Enseñar a leer, a entender de verdad lo leído, a profundizar en su sentido con mirada crítica e
intentar expresar con claridad las propias respuestas frente a esos textos impresionantes es
un reto espléndido para un auténtico educador, que va desde los comienzos hasta el final del
periodo didáctico. Estimular la imitación de los clásicos me parece bien; pero aún mejor es
invitar al diálogo perenne y vivo con sus textos.

Los profesores de letras, y desde luego los filólogos, somos maestros de la lectura a fondo.
Tarea de modesta apariencia y, sin embargo, esencial en todo humanismo. ¡Si al menos
supiéramos enseñar a leer, si lográramos transmitir el entusiasmo por la lectura de los
grandes textos, una lectura activa, inteligente y personal! Si los alumnos aborrecen los libros,
si son malos lectores, el fracaso es también nuestro. Y en el desprestigio de la lectura
tenemos una parte de culpa, por no haber logrado infundirles el amor por los libros.

Pero no resulta menos claro, sin embargo, que los profesores tenemos sólo una parte de
responsabilidad, no la mayor, en ese estrepitoso fracaso. Las presiones de la sociedad actual,
orientada al consumo continuo, el progresivo imperio de una cultura audiovisual, la opinión
manipulada por los grandes medios de comunicación y los incontables señuelos y artificios
espectaculares de una tecnología desbordada reducen a discretos márgenes la influencia de
la educación escolar en la vida.

El desprestigio de la enseñanza secundaria oficial atestigua un sintomático y ubicuo malestar.


La profesión docente ha descendido mucho en influencia y aprecio. ¡Tristes profesores de
enseñanza secundaria! Muchos de ellos almacenan una excelente preparación profesional
que les sirve de muy poco.

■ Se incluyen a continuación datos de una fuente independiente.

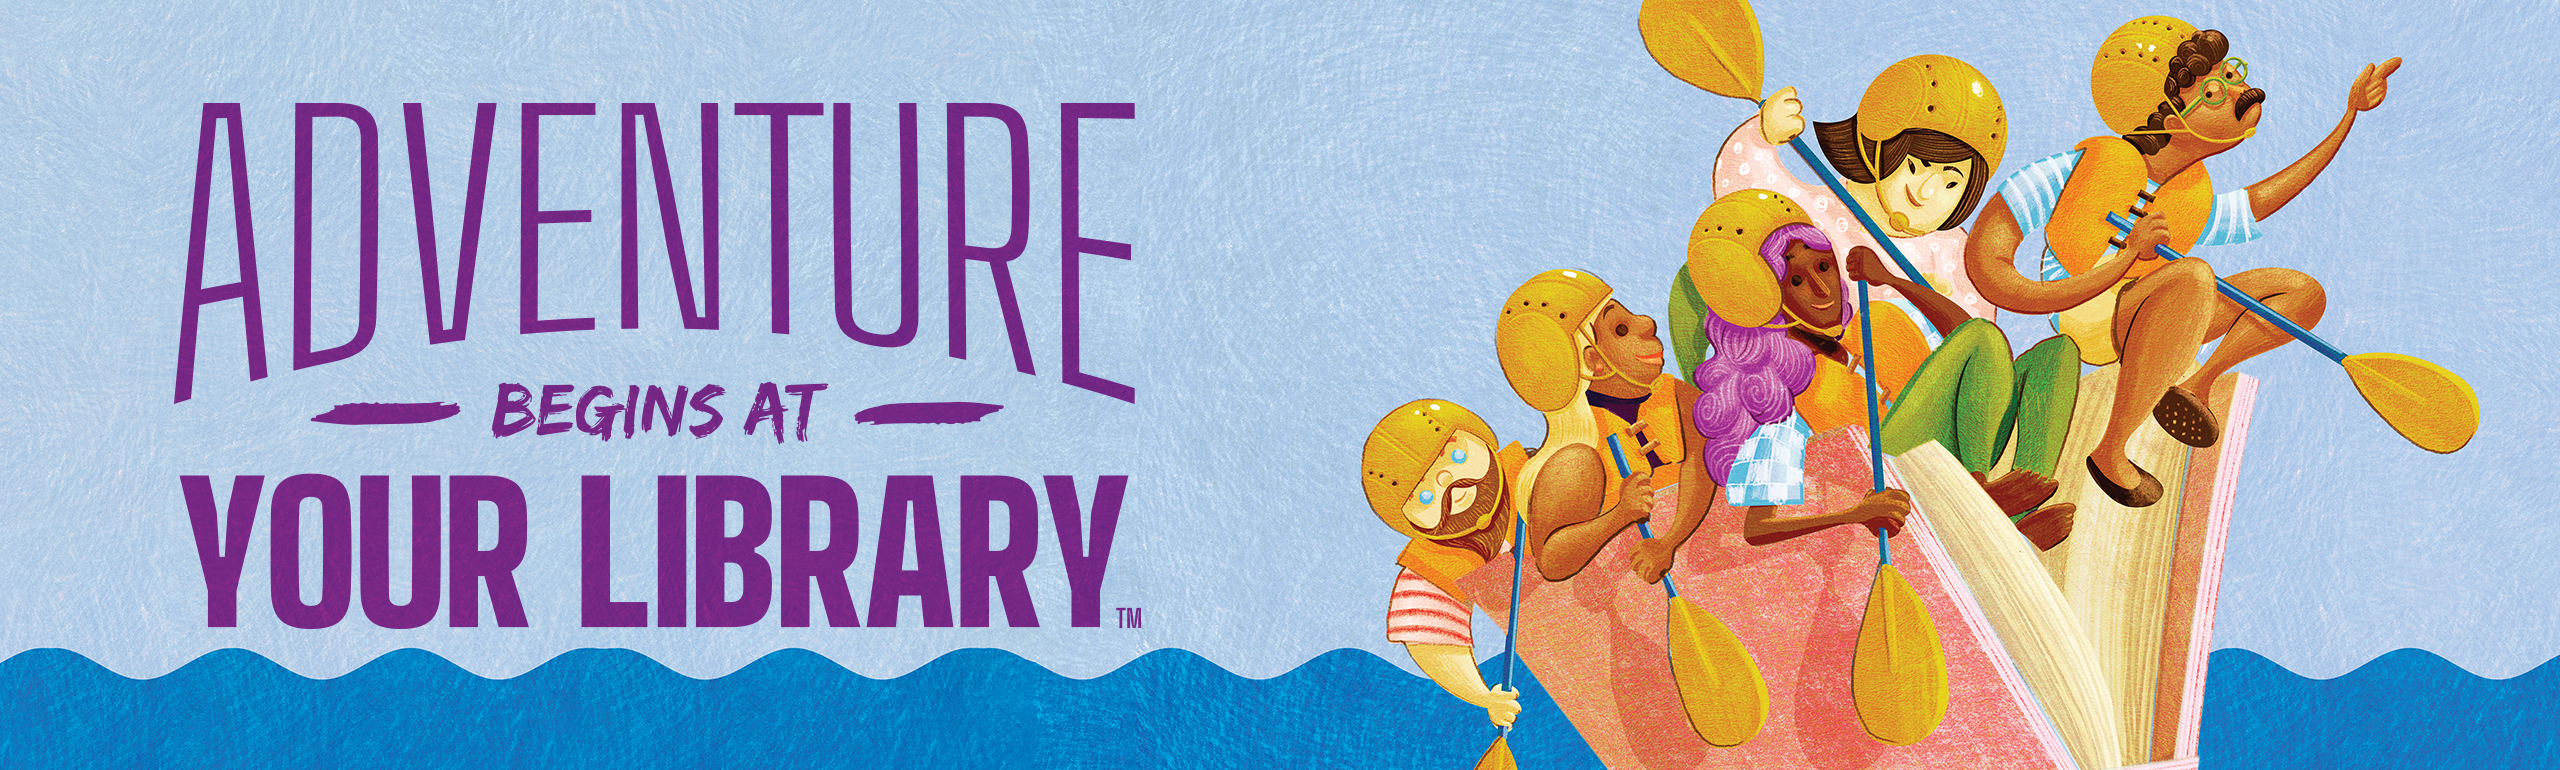 Banner for "Adventure Begins at your Library" showing people floating on a book in water, as if the book were a raft

Con frecuencia se encuentran agarrotados, maltratados, confusos,
desilusionados ante los planes de estudio y las reformas que marginan sus enseñanzas -las
humanísticas y las científicas también- con horarios exiguos, y que privilegian el aprendizaje
de técnicas y saberes prácticos o de meros entretenimientos con títulos políticamente
correctos. Y que se ven desconcertados, a la vez, por la desidia y el escaso interés de
numerosos alumnos, poco atentos y mal civilizados, y escasamente motivados, como se dice,
en sus estudios por un contexto social desfavorable.

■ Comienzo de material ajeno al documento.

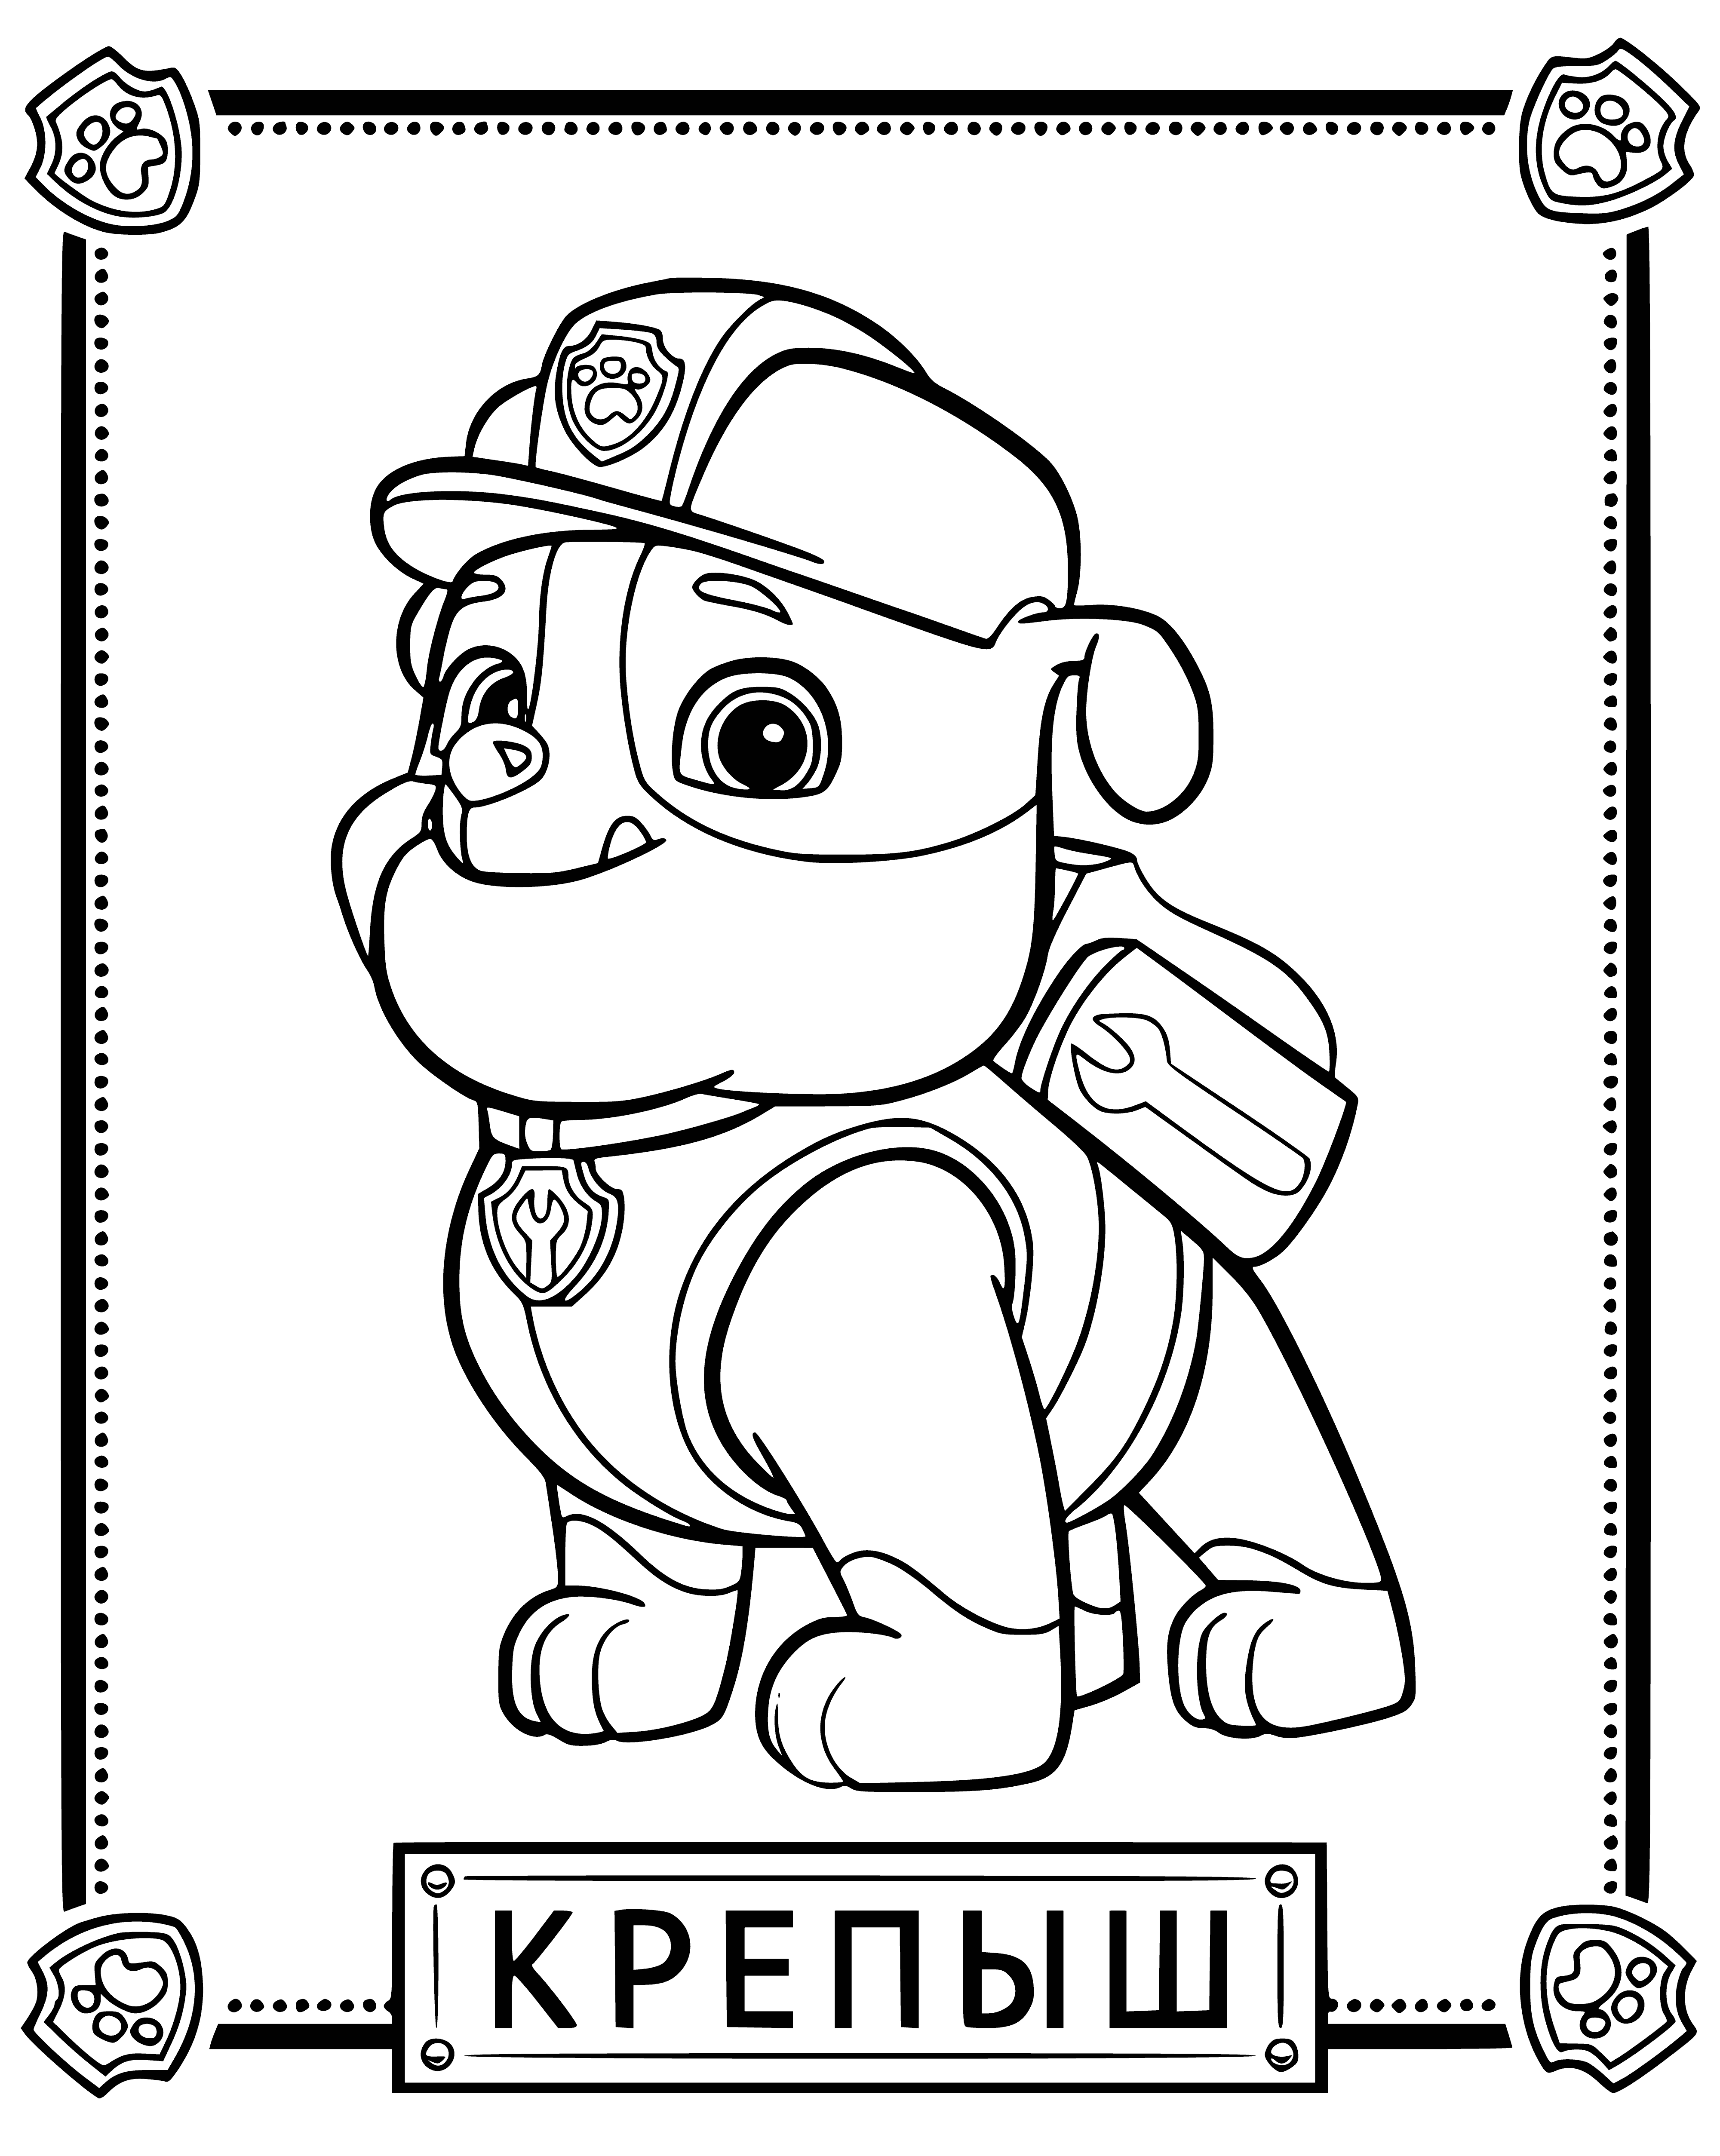 coloring page: Kids can color a PAW Patrol fortress page with its lookout tower, stairs, bridge, slide, and logo. #pawpatrol #coloring #fun

La disciplina, la valoración del estudio esforzado, la memoria y la imaginación, el disponer de


tiempo para leer y refrescar las lecciones, requieren un apoyo y una autoestima que se echa
en falta en los centros, mientras prolifera la rutina burocrática, las reuniones de tiempo
perdido, el encasillamiento de las asignaturas y una jerga pedagógica.
9. La enseñanza de las humanidades parece, en efecto, andar un tanto a contrapelo de los
tiempos, malos tiempos sin duda para la formación intelectual en los viejos moldes
humanistas. Y, sin embargo, justamente por ese ambiente poco favorable, debemos insistir en
su importancia, en su validez para contrarrestar las modas. En un futuro en que
previsiblemente cada vez habrá menos horas dedicadas al trabajo, donde el tiempo de ocio
debería ser cada vez mayor, es cuando debería cuidarse más la educación de estilo
humanista, es decir, el cultivo de una formación integral, que permita acceder a los mayores y
más espléndidos logros de nuestra civilización.

Por otra parte, es la educación lo que permite y fundamenta una auténtica libertad de elección.
Es grave error recortar el valor de la misma reduciéndola a lo pragmático y especializado.
Insistamos en el valor de la educación como formación general, como paideía. Sólo quien
conoce el bien -como argumentaba Sócrates- puede elegir lo más valioso. Porque no
podemos confiar en que, sin una previa educación, la gente vaya a preferir la cultura y el saber
esforzado a la mera diversión masiva y fácil. La mejor carta que juega la vulgaridad en su
favor es lo fácil y cómoda que resulta.

10. Hemos insistido aquí en el valor de los clásicos para la formación integral, espiritual, del
individuo, pero no debemos olvidar su mejor razón de éxito: leerlos procura no sólo
conocimiento, sino también un variado, vivaz, inmenso placer. Si conocer es un anhelo natural
del hombre, la mejor literatura, a la vez que nos hace conocer el mundo y a nosotros mismos,
nos emociona, eleva, instruye y divierte. El placer que brindan los clásicos, cuando ya no se
leen por obligación escolar, sino por íntima decisión, es una experiencia mágica.